From clothing in the ancient world into modernity, the use of technology has dramatically influenced clothing and fashion in the modern age. Industrialization brought changes in the manufacture of goods. In many nations, homemade goods crafted by hand have largely been replaced by factory produced goods on assembly lines purchased in a consumer culture. Innovations include man-made materials such as polyester, nylon, and vinyl as well as features like zippers and velcro. The advent of advanced electronics has resulted in wearable technology being developed and popularized since the 1980s. 

Design is an important part of the industry beyond utilitarian concerns and the fashion and glamour industries have developed in relation to clothing marketing and retail. Environmental and human rights issues have also become considerations for clothing and spurred the promotion and use of some natural materials such as bamboo that are considered environmentally friendly.

Production
The advent of industrialization included factories, specialized and technologically advanced equipment, and production lines for the mass production of textiles. Globalization and advances in trade increased sourcing of materials and competition for wares across borders. The swadeshi movement in India was an effort to counteract the economic control and influence that British factories exerted over the one-time colony. Concerns have also been raised over the use of so-called sweat shops. 
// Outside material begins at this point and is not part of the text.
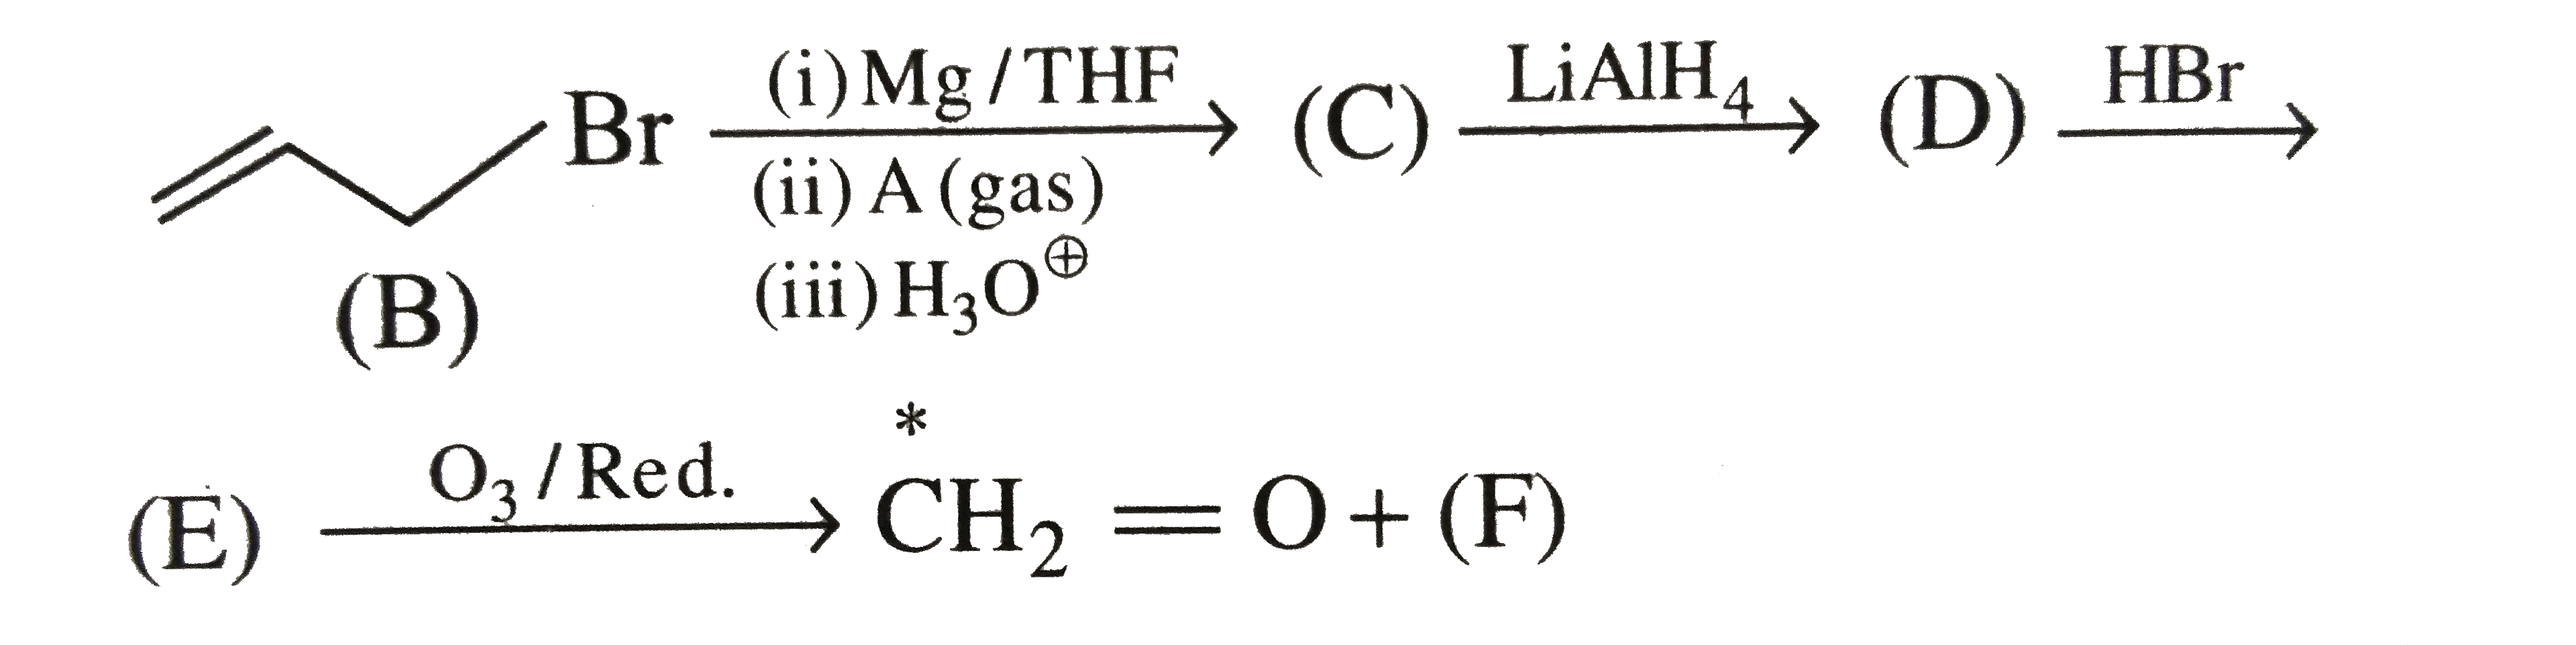 Identify (A) to (F) and mark the C^(**) carbon in the entire scheme Ca overset ** C O3 + H2 SO4 rarr (A) (gas) [C^** deno tes C^14].   .

Clothing lines based on famous designers have been featured and advertised in magazines and other media. Branding and [marketing] are features of the advertising age. Some designers have also become television and media personalities. In recent years fashion and design has also been the subject of television shows.

The media and different networking sites have a tremendous effect on the production of clothing. Complex software is used to go through and analyze important data related to production and consumerism. This process needs to be done quickly and efficiently in order for companies to meet customer demand thus enhancing their profit and brand.

Sports
The design and constructions of sportswear has changed dramatically over time.  Athletic apparel aids in the prevention of injuries, the improvement of breathability, the protection from the weather, and the encouragement of a fitness mindset. Athletes can now use wearable heart rate monitors and fitness trackers to capture a variety of fitness-related parameters, such as distance traveled, calorie consumption, heart rate, and sleep quality.

Education
Computer-aided design is used in the development of clothing. Corporate and business training to address accounting, trade, and finance issues has also become a significant part of the trade. Courses and programs at Universities specialize in these fields. the Beijing Institute of Clothing Technology and Fachhochschule für Technik und Wirtschaft Berlin are examples institutions focused on the business. In the area of engineering development of functional clothing, TU Dresden, Germany provides courses at Bachelor, Dipl.-Ing and non-consecutive MSc. degree and HS Niedererrhein (Mönchengladbach) provides B.Sc. and M.Sc. programs.  National governments have also become involved in the business with trade rules and negotiations as well as investments such as Europe's Future Textiles and Clothing program.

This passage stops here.